Hi! I am posting here to ask about the eyes of my two **GOLDENDOODLES. I know they are a mix but they are 75 percent poodle and I wish to compare them to the poodle breed. I have had my beautiful girl stella for about a year and have always thought although she has pretty eyes, they’re too close together. Of course I don’t fault her and love her so much regardless of her appearance, but I still wanted to get your opinion. What really prompted this post is I now have gotten another puppy and his eyes are yet again too close together and he is from a complete different place. His eyes actually are much less beautiful and kinda droopy with his third eyelids showing, but again I love him anyway. Basically I’m asking if this is an unacceptable trait for poodles. These are not show dogs and just family pets so I don’t have a problem with it, I’m just curious. I actually have a third goldendoodle as well who’s eyes are not close together but they have lots of white showing and his third eyelid goes almost to his pupil sometimes.

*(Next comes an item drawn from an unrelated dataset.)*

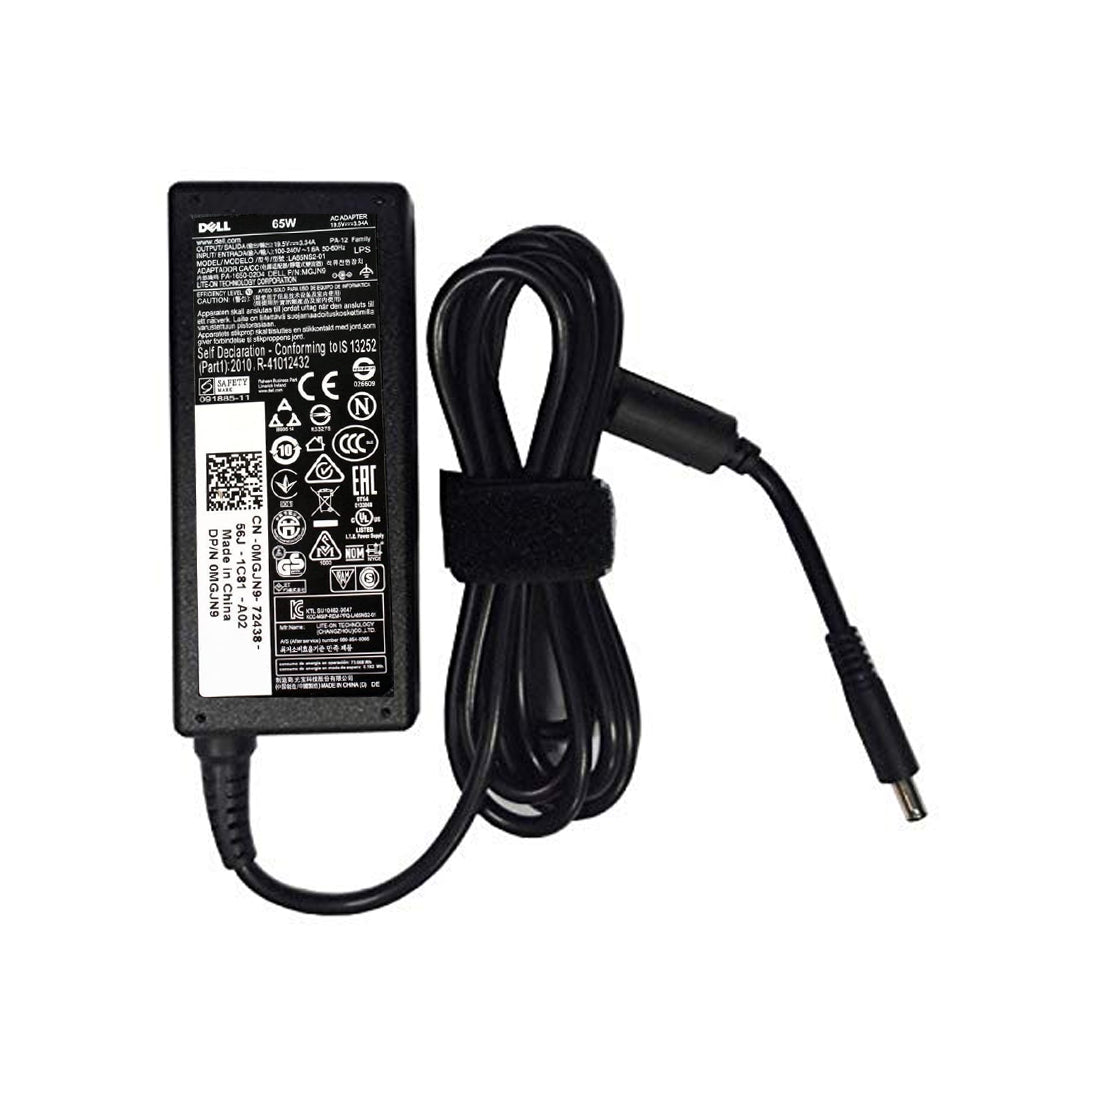 Dell Original 65W 19.5V 4.5mm Pin Laptop Charger Adapter for Inspiron 11 3158 With Power Cord

this photo above is the new puppy. His eyes don’t always looks this droopy but this just shows how loose they are.







this is Stella, my girl as a baby. Her eyes are beautiful in my opinion, just too close together.

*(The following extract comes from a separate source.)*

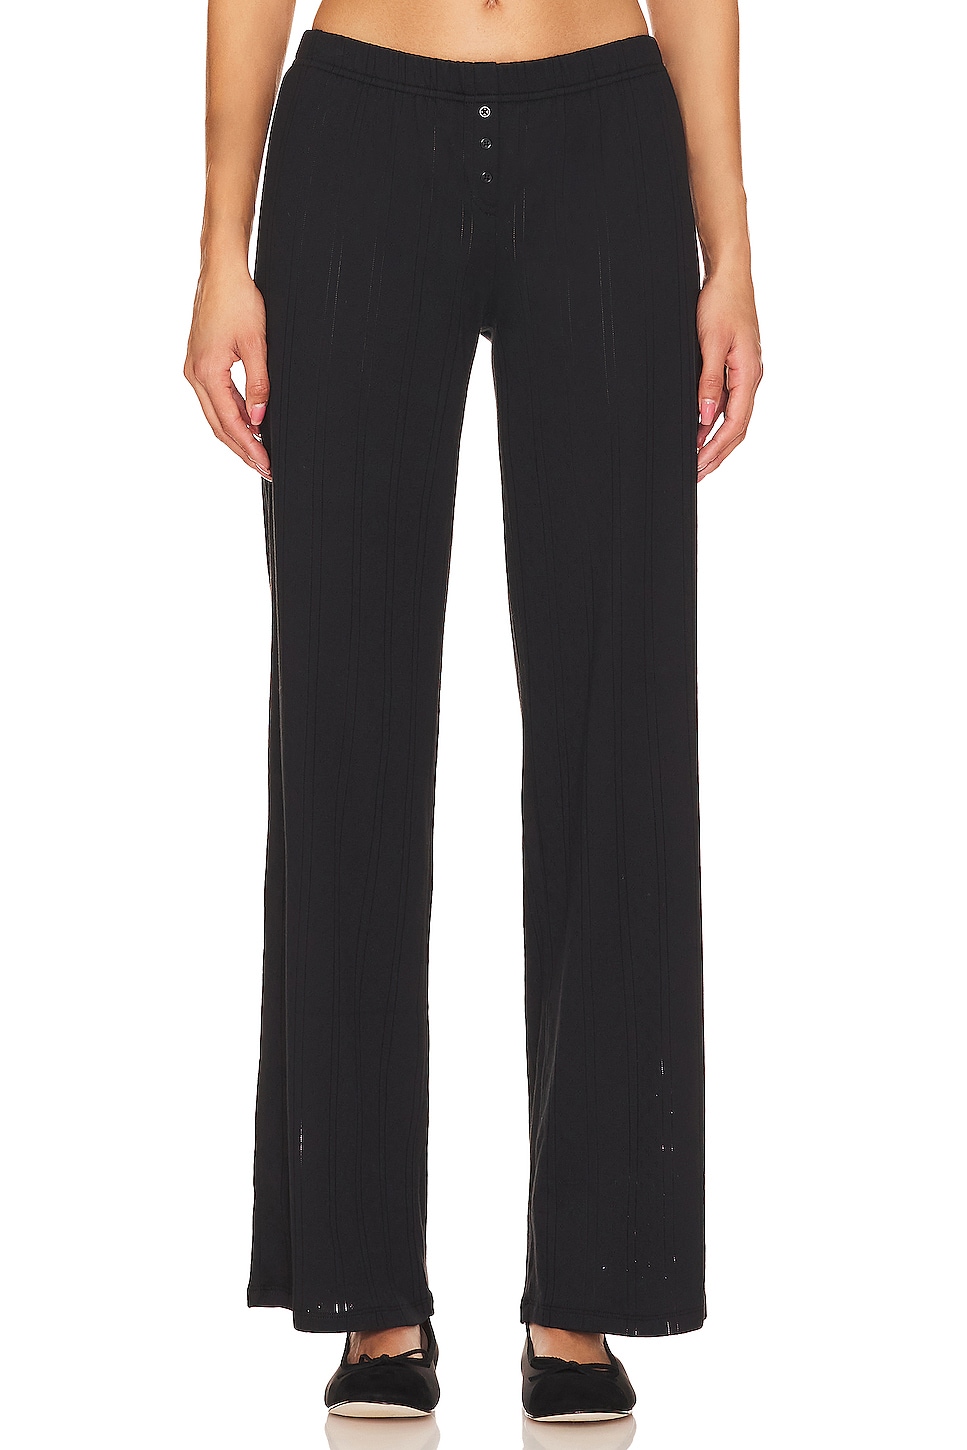 Beyond Yoga City Chic Cargo Pant in Black

These are the new puppy again. Showing they’re not always super droopy, but still close together and not the best shape.







this is my oldest boy Henry as a baby. His eyes were more farther set but there is more white showing.















These are both Henry and Stella- Henry is a giant and also has low set floppy ears.


----------



## Laynej (Nov 21, 2020)

just to add, I would definitely say my middle girl stella is the closest to breed standard/most acceptable. She is my prettiest of the three but they are all loved the same haha!


----------



## Johanna (Jun 21, 2017)

The standard of the breed states: Eyes: very dark, oval in shape and set far enough apart and positioned to create an alert intelligent expression. Major fault: eyes round, protruding, large or very light. The illustrated standard has this picture:


----------



## Dogs4Life (May 27, 2018)

In my opinion, I prefer clean faces on dogs because then it's easier to see their eyes and read their expressions. Have you considered this? My girl looks very different with a lot of fur on her face as compared to when she has a clean face.


----------



## Laynej (Nov 21, 2020)

Johanna said:


> The standard of the breed states: Eyes: very dark, oval in shape and set far enough apart and positioned to create an alert intelligent expression. Major fault: eyes round, protruding, large or very light. The illustrated standard has this picture:
> 
> View attachment 471427


I have read the standard but I don’t know what is exactly too close. I don’t find stellas eyes to be too big or round. They are almond and small and very dark. They are not protruding. The only thing is they may be too close together. The puppies are almond, not round but they’re a little bit droopy and close together. my biggest male Henry has a good distance between them, but his eyes are more round and big. I am really just wondering how much of a fault these are in my dogs. Is it minor in their case or are they very far from standard. Again I don’t mind even if they’re worst case, I’m just curious where they fall.


----------



## Pytheis (Sep 17, 2019)

You posted elsewhere that these dogs are all goldendoodles. That will change the answers you’re given. Are they purebred or not? Because golden retrievers sometimes have loose, droopy eyes like that, so if they’re mixes, that’s likely where they got the eyes. Mixes rarely get the best of both breeds.


----------



## Laynej (Nov 21, 2020)

Dogs4Life said:


> In my opinion, I prefer clean faces on dogs because then it's easier to see their eyes and read their expressions. Have you considered this? My girl looks very different with a lot of fur on her face as compared to when she has a clean face.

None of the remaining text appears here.